Die Grundprobleme der Gesellschaft werden nicht einfach beseitigt, mit Investitionsprogrammen, die Gier wird nicht ausgerottet durch Wahlkampfreden, da alles viel tiefer sitz, in den Köpfen und Seelen der Menschen. Der alltägliche Rassismus lebt. Der muss nicht unbedingt nur mit Schwarzen zu tun haben. Das ist grell beleuchtet im Film Easy beleuchtet: Rednecks in einem Pickup , der Beifahrer bedroht Billy mit einem Gewehr und fordert den „langhaarigen Hippie“ auf, sich die Haare schneiden zu lassen. Billy reagiert mit einem ausgestreckten Mittelfinger. Daraufhin schießt der Typ, Billy stürzt getroffen zu Boden. Wyatt bremst ab und kehrt zu Billy zurück, bedeckt ihn mit seiner Lederjacke und fährt los, um Hilfe zu holen. Der Pickup hat inzwischen gewendet, steuert auf Wyatt zu. Auch auf ihn wird geschossen, das Motorrad fällt und explodiert anschließend am Straßenrand. Die Kamera wendet sich ab und dreht in den Himmel. Das kann man symbolisch sehen, über allem steht Gott. Auf dem Filmplakat prangert: Ein Mann sucht Amerikaner, er kann es nicht finden.
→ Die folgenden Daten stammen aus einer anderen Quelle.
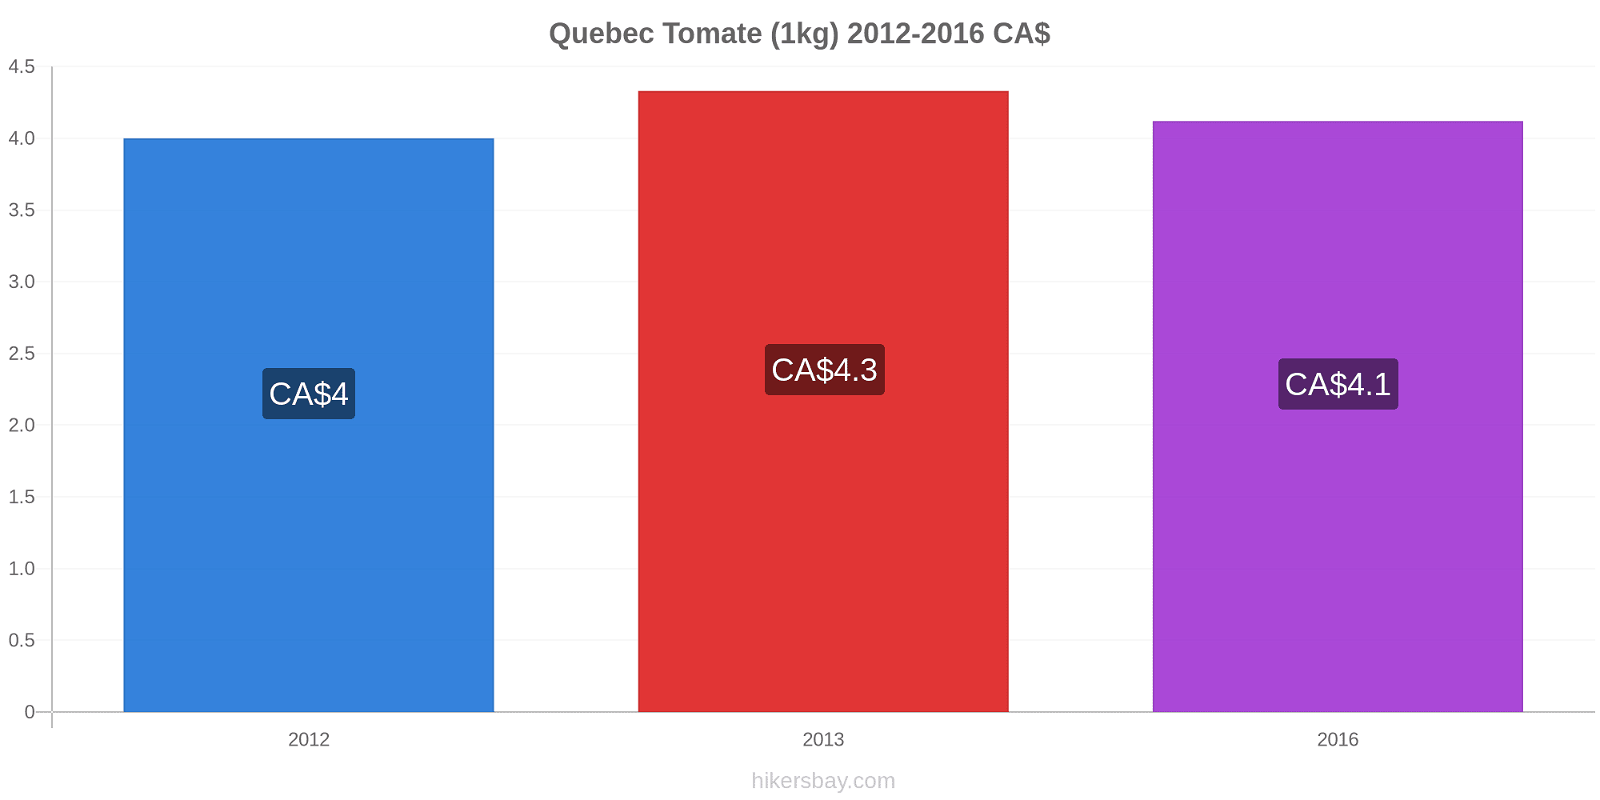 Quebec cambios de precios Tomate (1kg) hikersbay.com

Trump sagen einige, fördert den Rassismus, braucht er nicht, der war ewig schon da, täglich, viele sagen, der Übergriffe auf Schwarze sei angestiegen, weil viele Weiße einen schwarzen Präsidenten nie akzeptieren werden, die Situation an der mexikanischen Grenze hat mit Armut zu tun. Und ganze Armeen von Agenten, Spezialkommandos haben den Drogenverkehr nicht verhindert, und kein amerikanischer Bauunternehmer wird ein Haus nicht bauen, weil die Villa mit Drogengeld finanziert wird. Viele Indianer vegetieren in Reservaten, kein As kümmert sich um die, außer Aktivisten. Um die wirtschaftliche Macht zu zementieren wurden Kriege wie im Irak geführt, bis zum heutigen Tag schaffen Veteranen wie die Kriegsteilnehmer im Vietnamkrieg sich nicht zu integrieren. Die Wunden sitzen tief, sehr tief, vielleicht gibt es das Amerika gar nicht, von dem Trump redet? Vielleicht ist es wie in dem Film. Wo ist Amerika?

Trump ist kein Psychoanalytiker, hat aber versprochen, den Ärmsten zu helfen. Wenn er was machen wollte, könnte er konkret ein soziales Programm auflegen, den Mindestlohn anheben. Damit bekäme Slavoj Žižek recht, dass aus der Gefahr das Rettende erwächst, einer seiner Träume wäre erfüllt, Linke neigen aber häufig zu Illusionen: „Es geht mithin nicht darum, Trump zu wählen – nicht nur sollte man einen solchen Halunken nicht wählen, man sollte an solchen Wahlen gar nicht erst teilnehmen. Es geht vielmehr darum, kühlen Sinnes zu erwägen, wessen Sieg besser für das Geschick des radikalen emanzipatorischen Projekts ist, der von Clinton oder der von Trump?“

Wow. Soweit kann ich nicht denken. Was passiert, wenn niemand wählt?